First, whether the action was “within the scope of the authority conferred by law”, — i.e., does the law give the public authority the power to take the action in question? Second, even if the public authority had the power under the law to take the action, was the action “reasonable”?
In the Kanwar Yatra case, the court will have to see which, if any, law gives the police and the state government the power to issue the directions to shopkeepers, and whether the directions given were “reasonable”.
The court will have to decide if compelling businesses to disclose to every one the names of the shop owners and employees violated their right to privacy under Article 21 of the Constitution.
In its Right to Privacy judgment (‘Justice K S Puttaswamy v. Union of India’, 2017) a nine-judge Bench of the Supreme Court unanimously recognised that individuals have a fundamental right to privacy. The majority decision, authored by Justice D Y Chandrachud (who is now Chief Justice of India), held that one of the essential aspects of privacy is the “privacy of the mind”, which includes the religious faith of an individual, and “the freedom to express or not express those choices to the world”.
Justice Chandrachud established a “three-fold” test to determine when the government can take action to restrict the right to privacy. First, there must be a law in existence that provides such restrictions. Second, there must be a “legitimate state aim” in restricting the right to privacy. Third, the restriction of the right to privacy must not be “disproportionate” to the objective of the government, thus ensuring a “rational nexus” between the restriction and the objective.

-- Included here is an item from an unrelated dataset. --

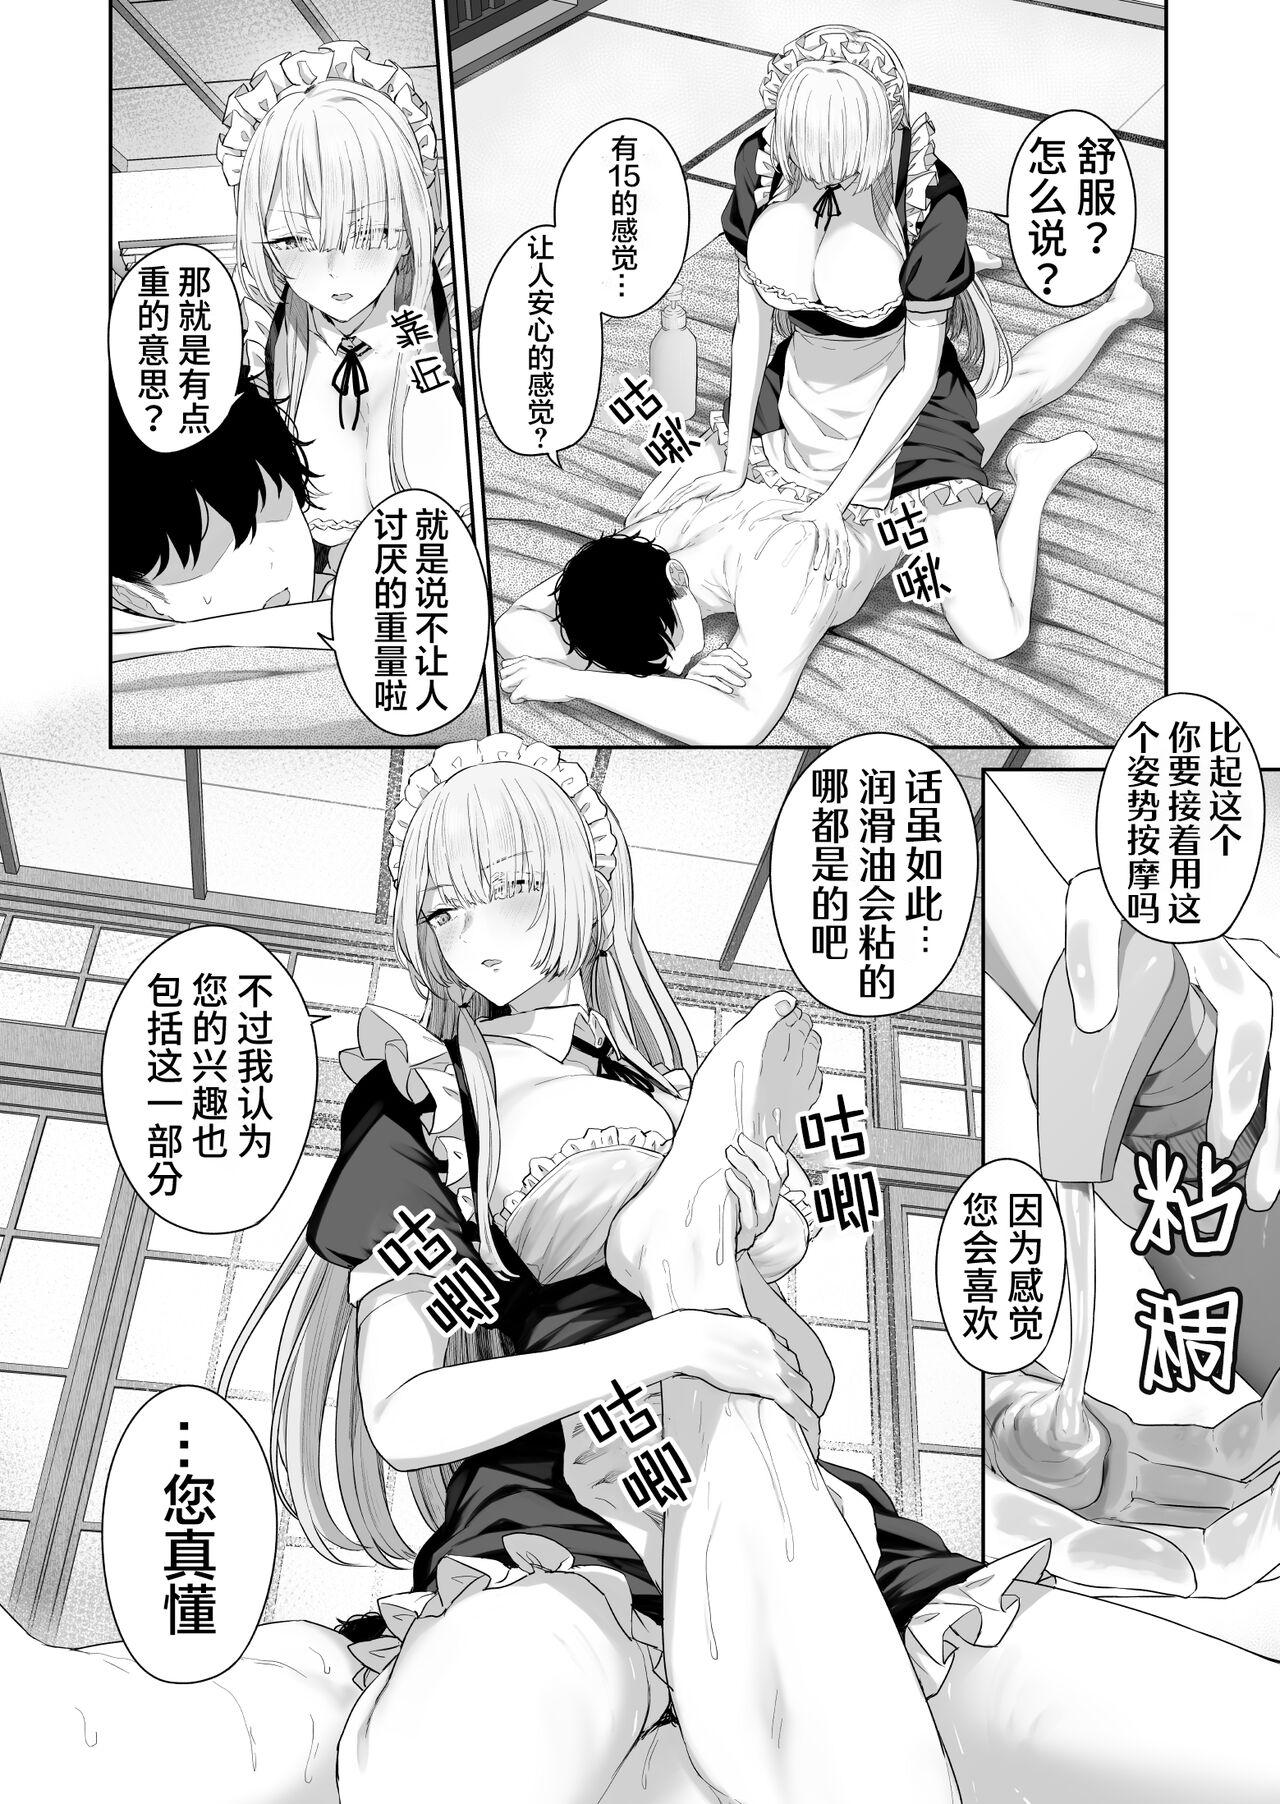 Price AK15の進捗1 - Girls frontline Massages - Page 5
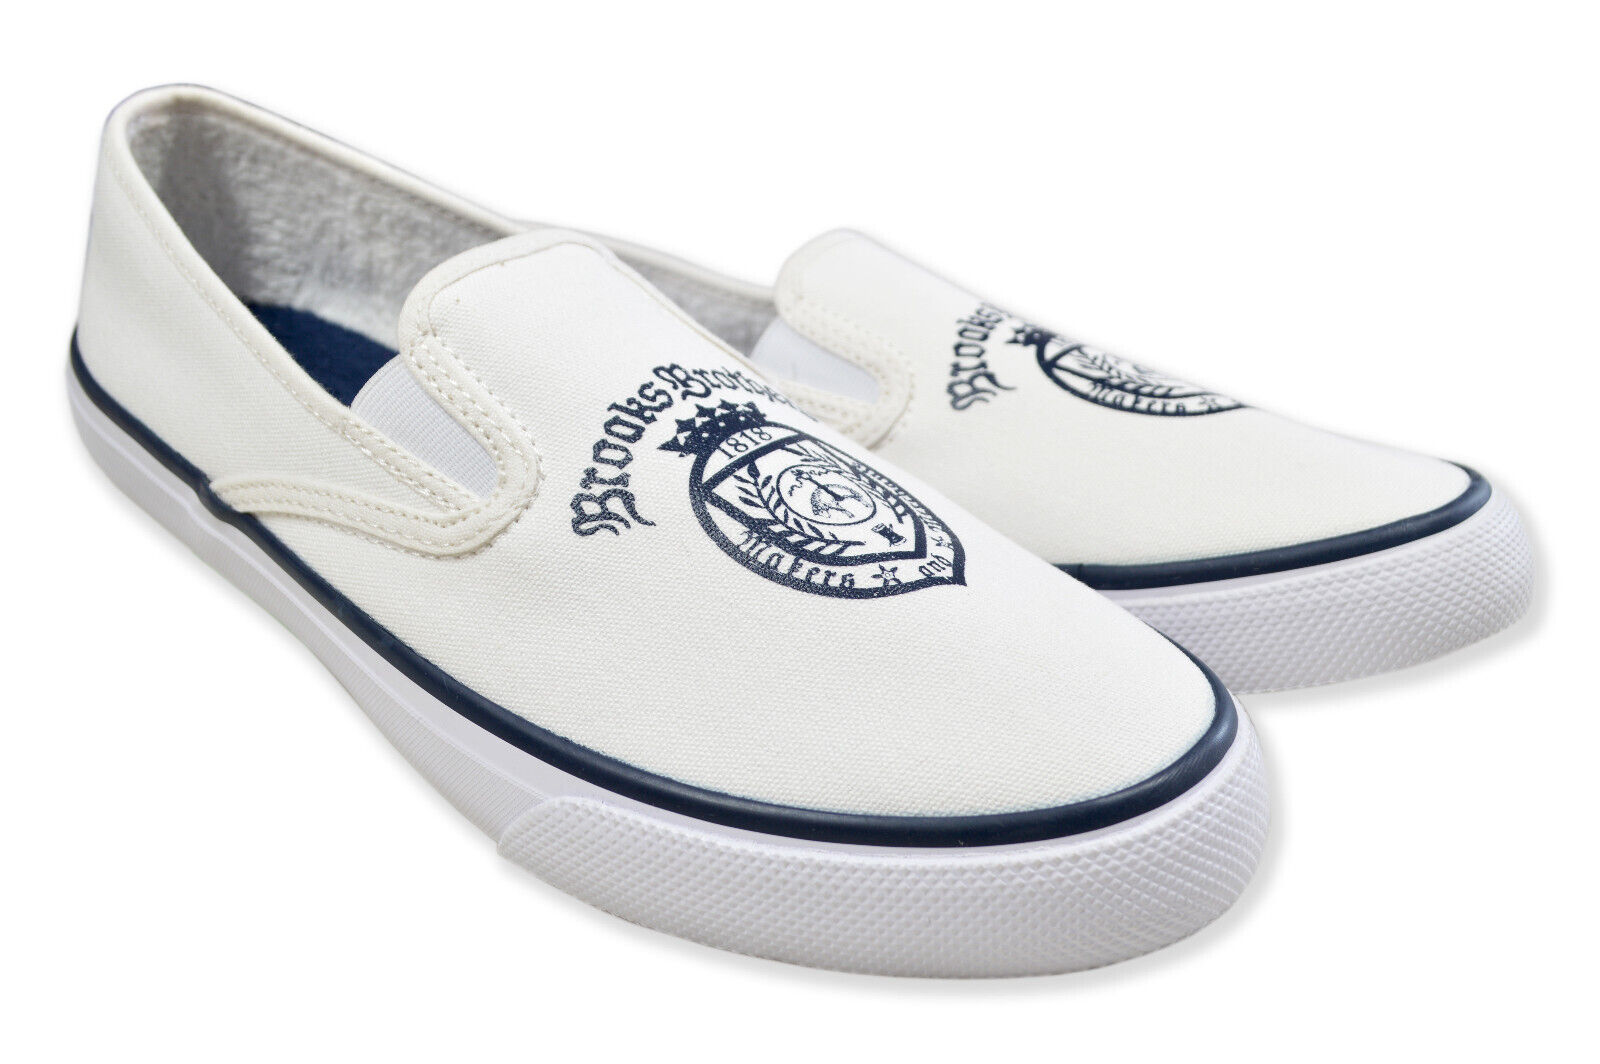 Primary image for Brooks Brothers Sperry White & Navy Crest Canvas Slip On Sneakers, 10 M 8414-9

The court in the Kanwar Yatra case will have to consider if the right to privacy is being restricted by the directions issued by the police. If the court finds that there is a law on the books backing such a restriction, it will have to determine if the stated aim of the police — that is, avoiding a “law and order situation” — is legitimate, and if asking businesses to display the names of shop owners and employees is a proportionate response that is connected with this aim.
Article 15(1) of the Constitution states, “The State shall not discriminate against any citizen on grounds only of religion, race, caste, sex, place of birth or any of them.”
The court will have to determine whether asking individuals to reveal their name — and possibly their religious and caste identity in the process — discriminates against shop owners and employees based on their identity, as it allegedly targets Muslim-owned businesses.
According to the notice by the Muzaffarnagar police, the “intention” of the directions was to “provide convenience to devotees passing through Muzaffarnagar district” who “abstain from certain food items”. Petitioners Apoorvanand and Aakar Patel have claimed the directions make the discriminatory assumption that “only people of certain castes/ religions can prepare and serve satvik or pure veg food”.
Another aspect the court may look at is whether the directions violate the right to “practise any profession, or to carry on any occupation, trade or business” under Article 19(1)(g). MP Mahua Moitra has claimed that the directions “created conditions for the complete economic boycott of Muslim minorities”.